Brookline Golf Club, previously known as Putterham Meadows, is a busy 18-hole public course that shares a border with The Country Club, venerable site of numerous national championships. In fact, Brookline Golf Club became a possibility only after The Country Club agreed to swap some of its unused flat acreage with the Town of Brookline, who traded land unsuitable to build golf holes upon. However benevolent the swap may have seemed, and have no doubt it was necessary for all 18 holes of Brookline GC to be built, The Country Club demanded an 8-foot high barbed wire fence be built along the border between the new town land and club property! The differences between Brookline GC and The Country Club persist to this day, with an obvious asymmetry in their public versus private nature, but perhaps a more important one in the variance of the land they lie upon despite being next-door neighbors.


Brookline's fairways at bottom left; TCC's holes and ponds adjoining upper right.

Before it was a golf course, Brookline GC was an area known to residents as "Putterham Meadows," an area full of wildlife, but swampy and covered in peat. The swampland, when combined with The Country Club's gift of more flatlands, is simply not exciting terrain for golf. A couple big hills punctuate the 2-dimensional space, which make for a few interesting shots interspersed throughout the round. My friend Danny made as close to a hole in one as I've ever seen on the sharply downhill 175-yard 3rd hole, somehow trickling his ball to finish a few inches directly behind the hole! Other than the merits of the dropping 3rd, the approaches to the par four 4th, 7th, and 16th greens catch the golfer's attention as they are all appealing short irons to greens situated on plateaus. The best hole on the course is probably the 12th, a par three measuring a mere 132 yards, but to an intimidating target. The green is tucked in a dell between two fronting hazards and an imposing granite wall just feet off the back of the putting surface. The target is much larger than it appears, but the visuals from the tee may evoke a less than confident swing!

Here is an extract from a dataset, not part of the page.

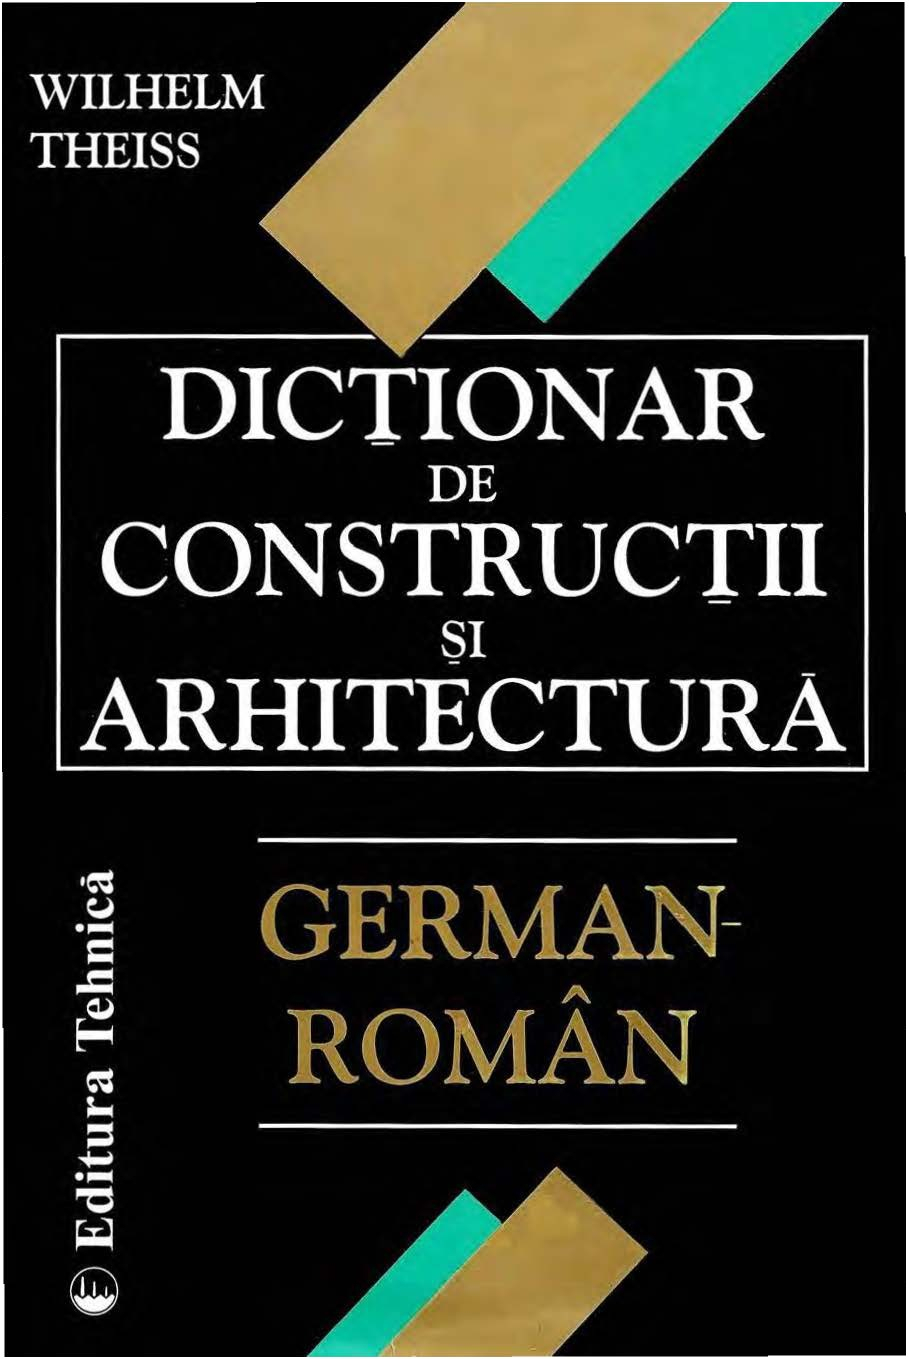 Dictionar De Constructii Si Arhitectura Dero [546G6R2R9Qn8] inside Calendar De Sanatate Si Frumusete

Peering over the hillock to the 9th's landing area

While Stiles and Van Kleek are talented architects, it seems to me they didn't put enough effort in to spice up the flattish holes of Brookline GC. Many holes play parallel to each other with unimaginative bunkering and low-lying green complexes, and the course condition suffers from the lack of earth movement in the fairways and resulting poor drainage. While the course boasts a set of solid par threes and the aforementioned excellent short par four greensites, there are few appealing long holes and thus not much balance in the layout.